Hollo went on the attack, targeting Labor and scooping up Pesec’s “she’ll be right” argument as well: “Look, if you want a barrier reef, if you want an atmosphere, it’s got to happen very fast. It’s not easy, it’s very complicated, it’s going to be hard. Labor will always backslide without the Greens there. It’s agriculture, it’s the oceans, it’s the future of our cities, it’s not an optional extra.”

There was a hard edge in his voice, a man who was once the most gentle of the “old Greens”. It got applause. Will it be enough to carry him over the line?

***

The school strike winds up with a march on Seselja’s office — two hundred kids and adults streaming through Gungahlin’s ticky-tack streets, shouting down the town, watched by supportive or bewildered adults and uniformed kids (climate scabs — I’m joking, I’m joking, OK). The leaders — a year 12 named Tahli working the megaphone — kept it up for half an hour.

“They need a finale,” I mutter to Hollo as we stand watching from outside a pizza joint opposite. They get one: knocking on the glass door to Seselja’s office, fifty sets of knuckles crowded in, the noise like rain, like a hail of stones.

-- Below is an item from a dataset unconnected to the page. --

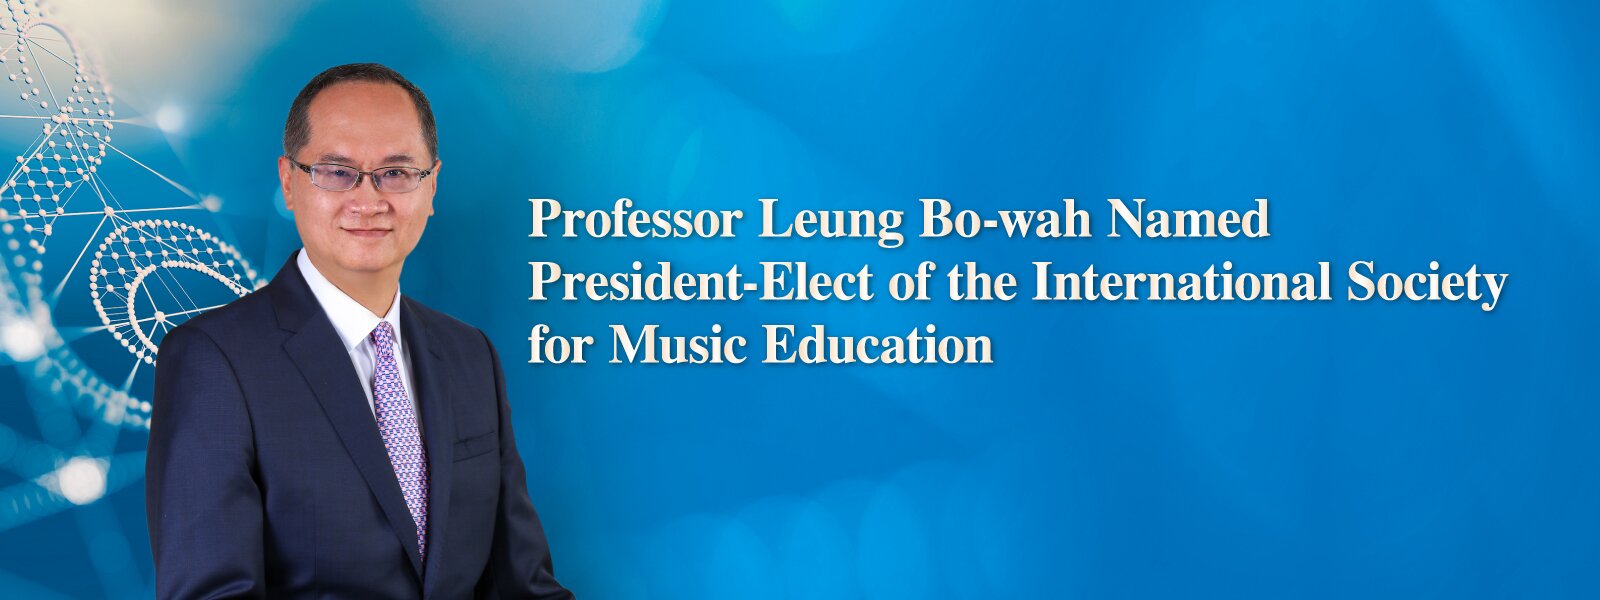 Professor Leung Bo-wah Named President-Elect of the International Society for Music Education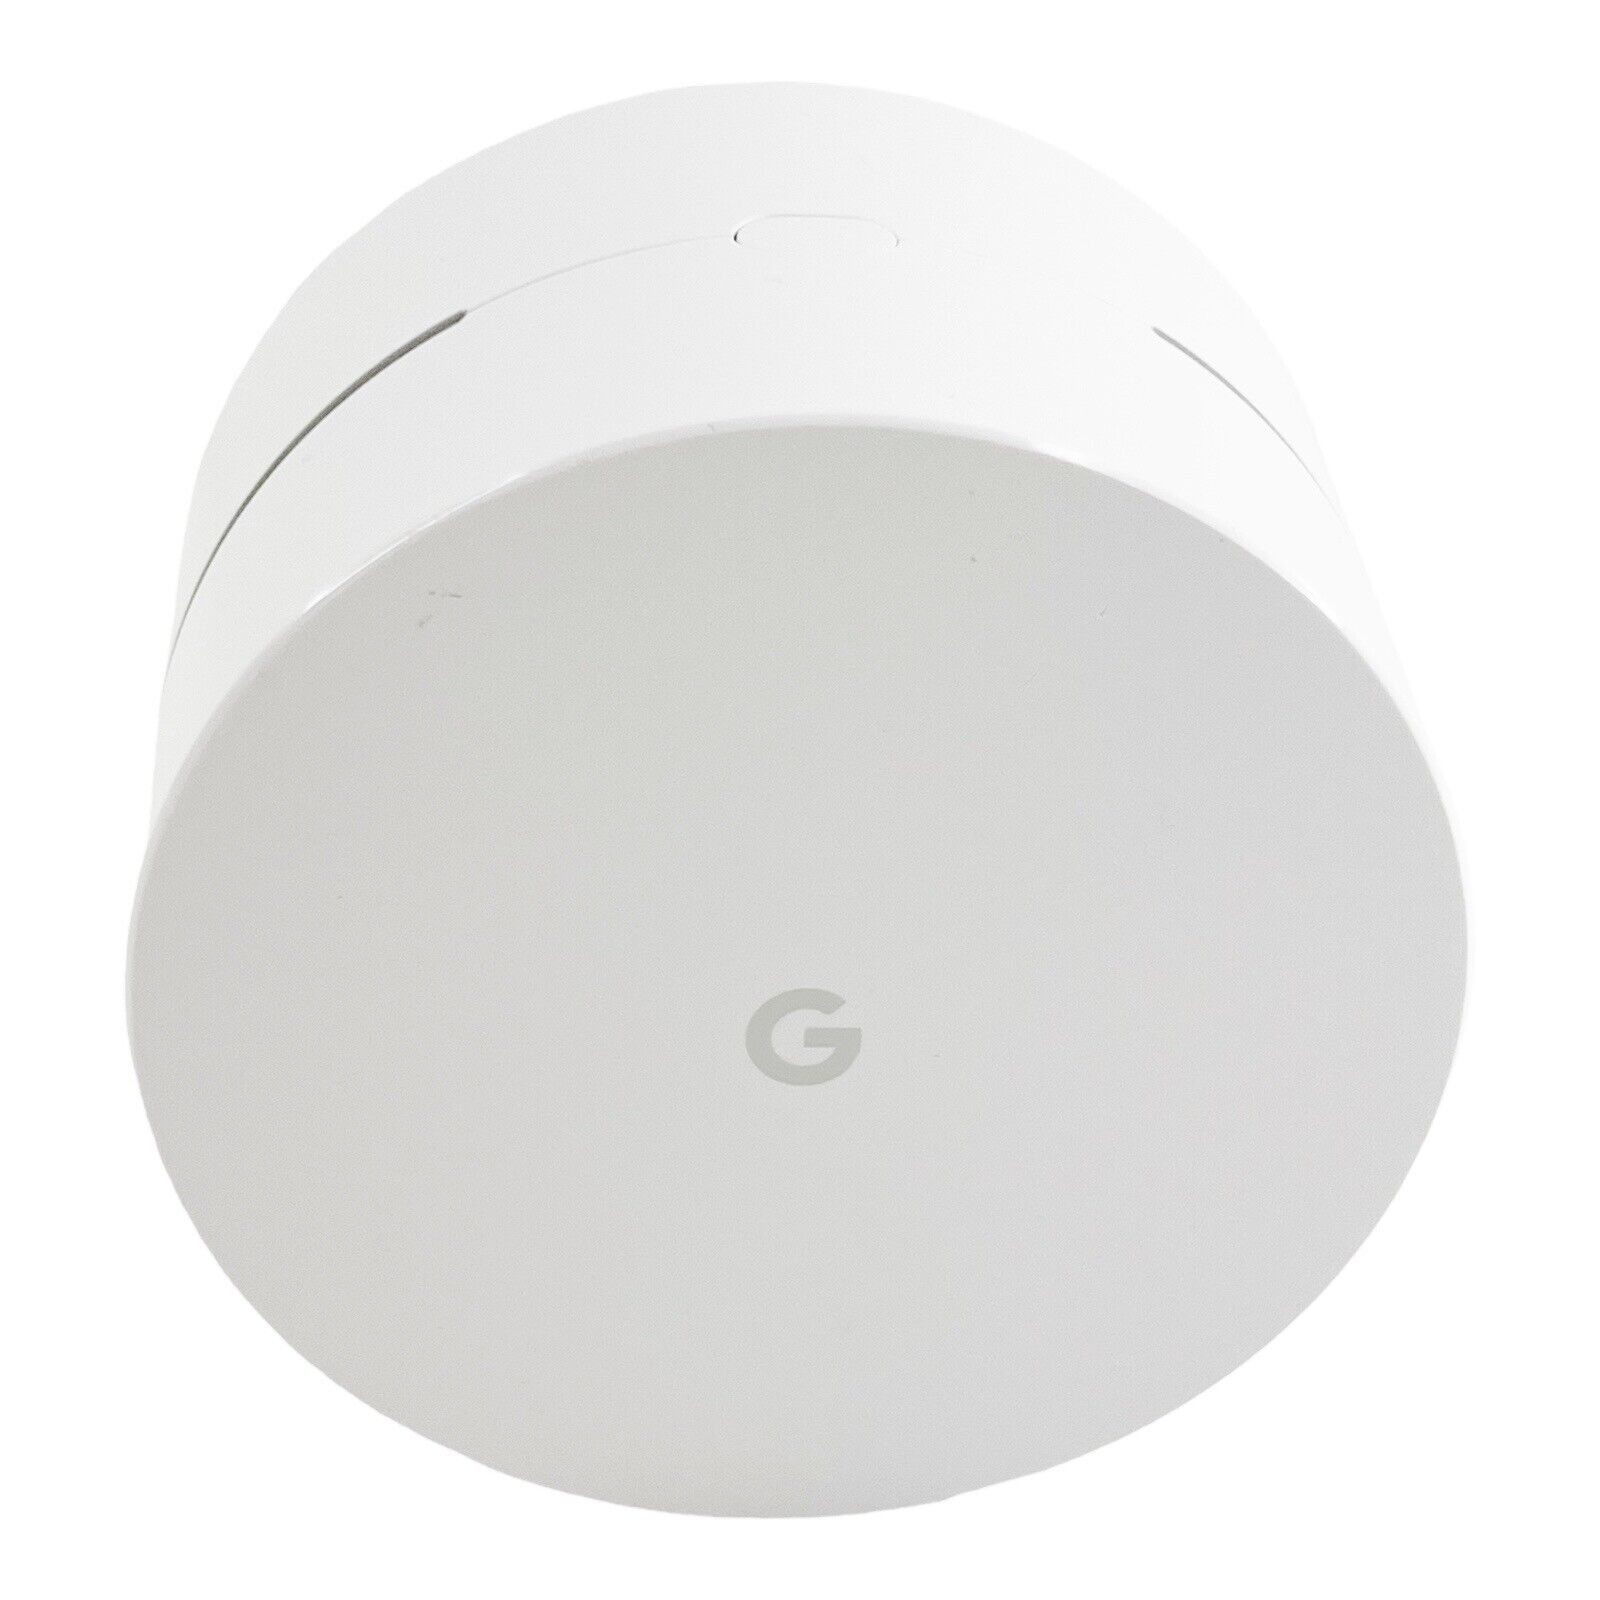 OEM White Google Wi-Fi Whole Home Wireless Router AC-1304 (NO POWER CORD)

All power to those at 18, 16, 15 who find within themselves with the power to lead. Put your thumb on the megaphone’s talk button and never let it up. Parliament, in that sense, is just another megaphone, a big one, but one among thousands.

People say this is a boring election. Get off the media sidewalk and into the street. On the ground, people are ripping it up, in every corner of the country.